Vittime di scrolling
Come la sindrome da deficit di attenzione da troppi social sta cambiano le nostre relazioni
Le neuroscienze ci assicurano che la struttura del nostro cervello negli ultimi millenni non è mai cambiata, ma il suo funzionamento sì, perché il cervello modifica i processi a seconda di cosa fa e cosa non fa
Da più parti si sta prestando attenzione al fenomeno del deficit di attenzione (scusate la cacofonia). Pare proprio che noi umani stiamo eclissando parte delle nostre funzioni mentali a causa dell’eccessivo contatto che manteniamo con i device e gli ambienti digitali. In particolare, sotto processo ci sono smartphone e social media, che insieme danno vita al magnetico muro dello scrolling, di fronte al quale, impalati, noi diamo il consenso allo scambio: sinapsi (e dati personali) contro dopamina, grazie mille.

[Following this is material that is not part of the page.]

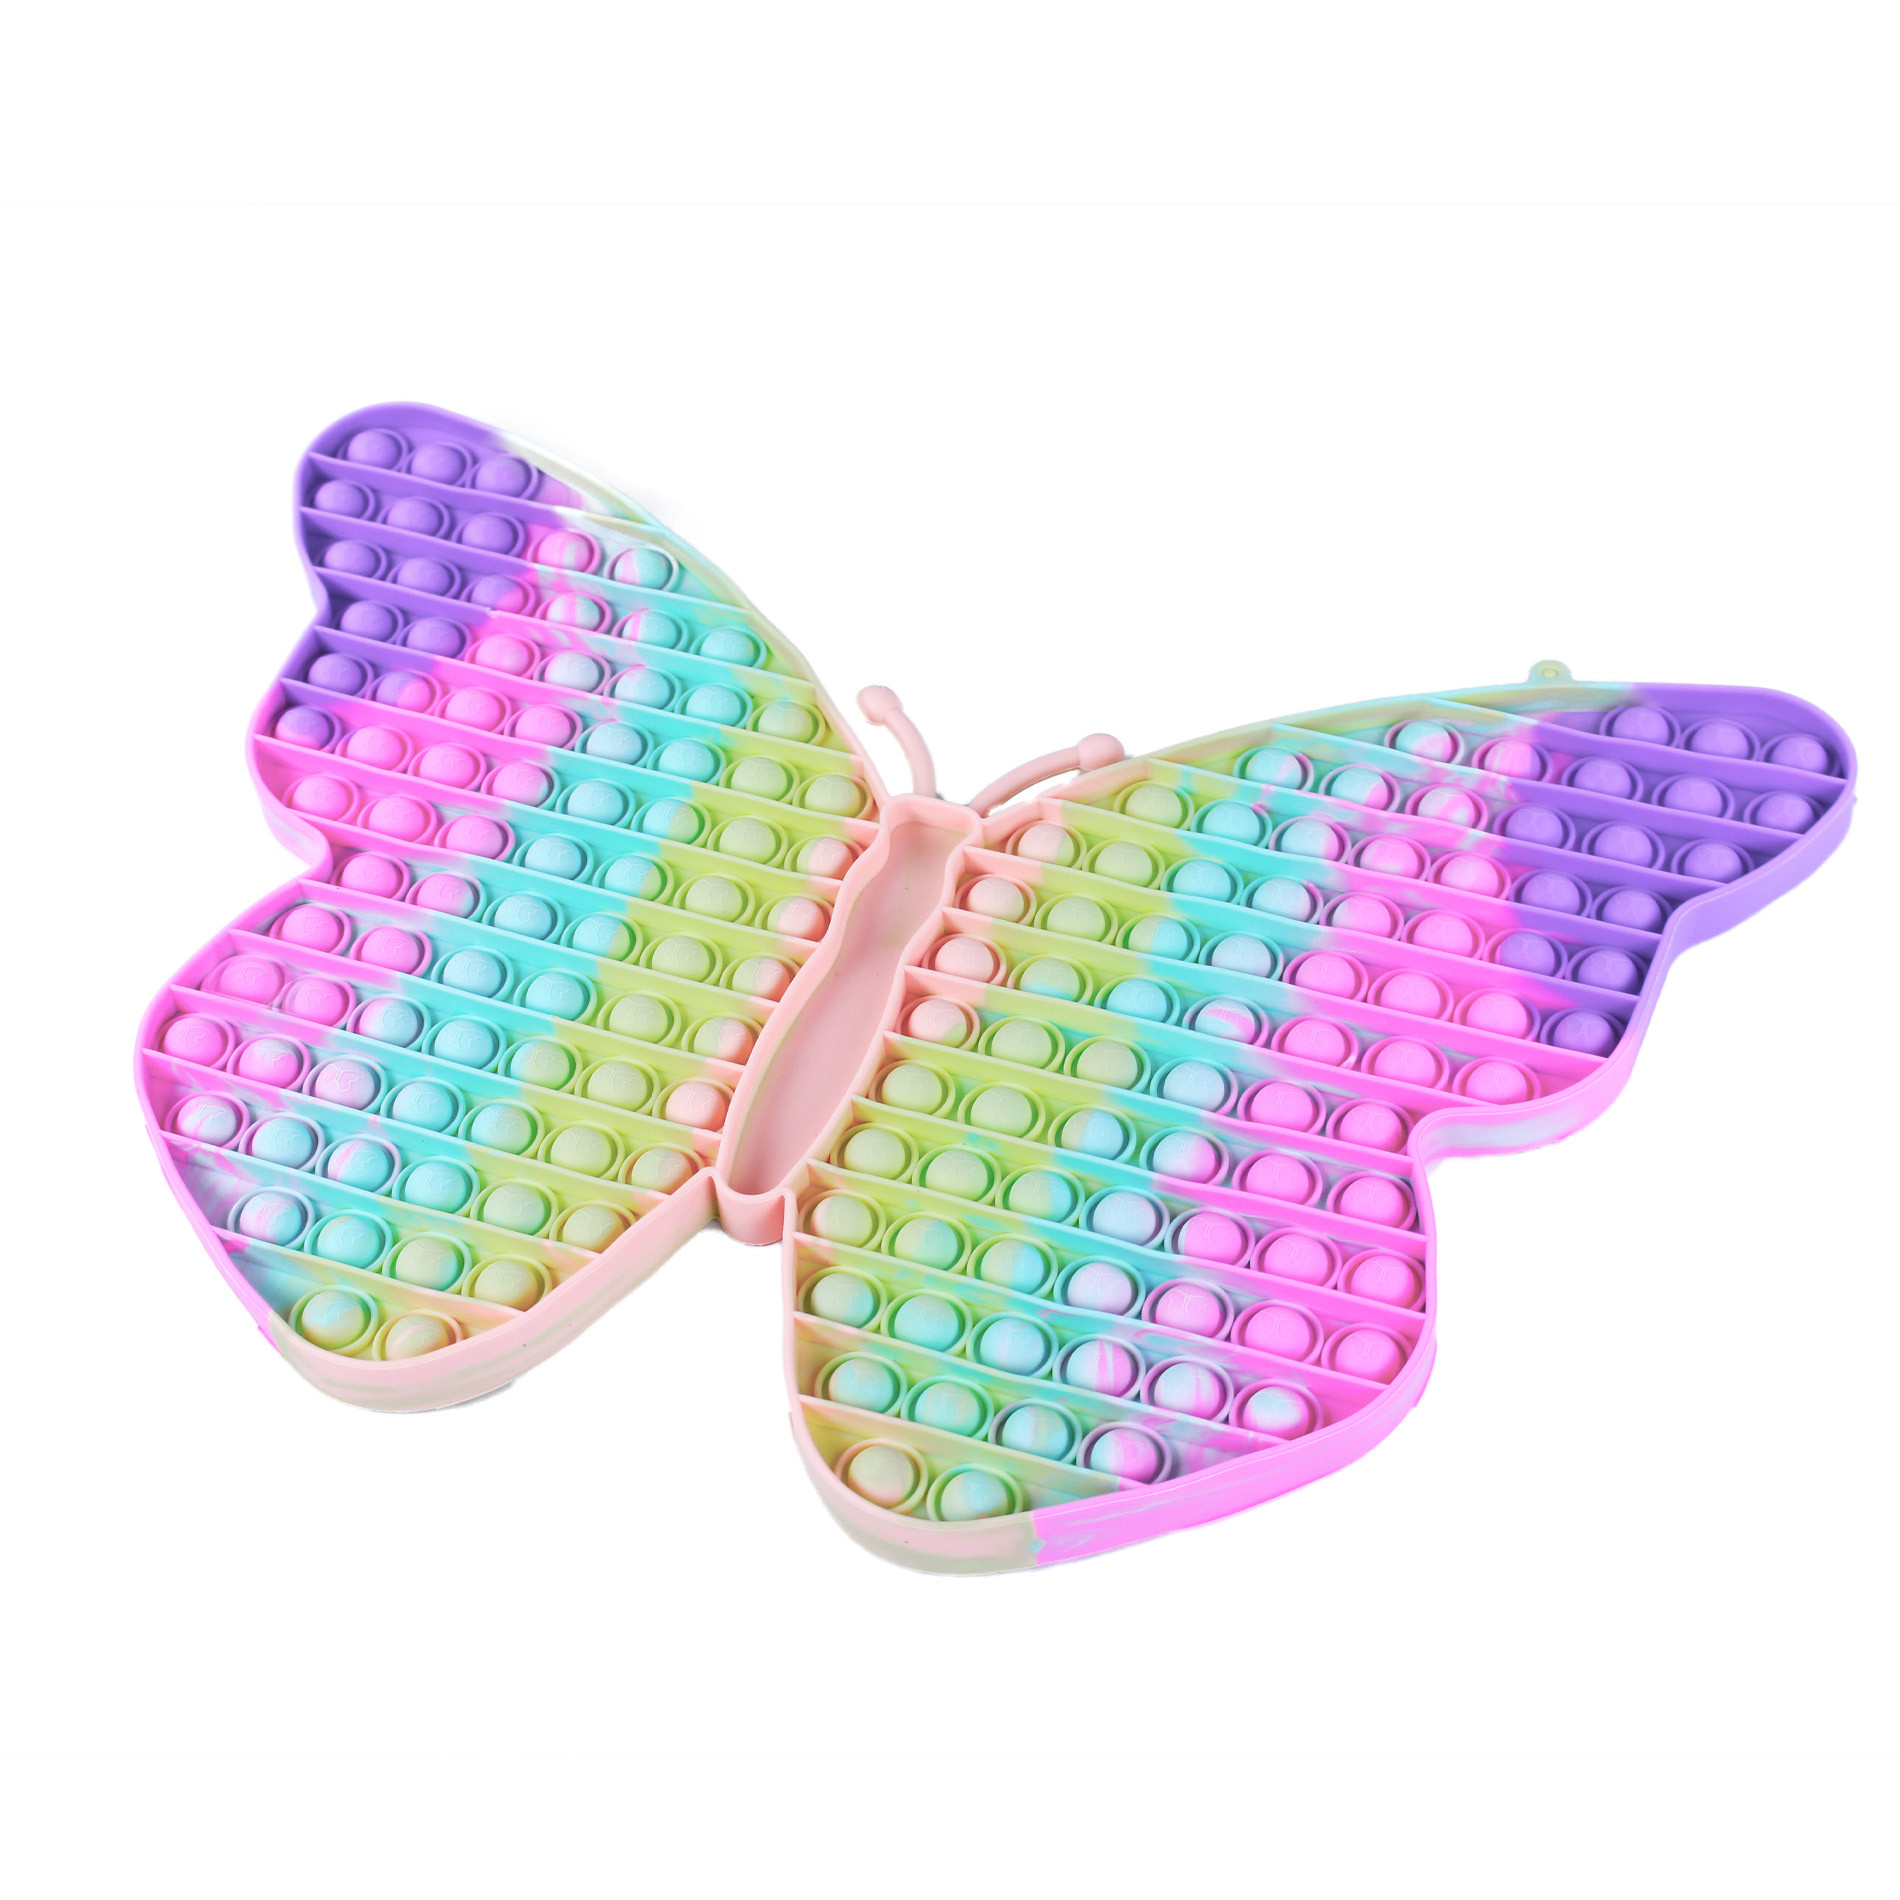 Gigant rainbow butterfly 190 bubbles

Ormai lo sanno anche i social stessi, che infatti ospitano (si fa per dire) senza fiatare campagne con scritto “Stop Scrolling!” o “Scompari dai social per un mese e cambia la tua vita”. Le neuroscienze ci assicurano che la struttura del nostro cervello negli ultimi millenni non è mai cambiata, ma il suo funzionamento sì, perché il cervello modifica i processi a seconda di cosa fa e cosa non fa. “Se non lo usi lo perdi” suona banale, ma riassume bene ciò di cui stiamo parlando.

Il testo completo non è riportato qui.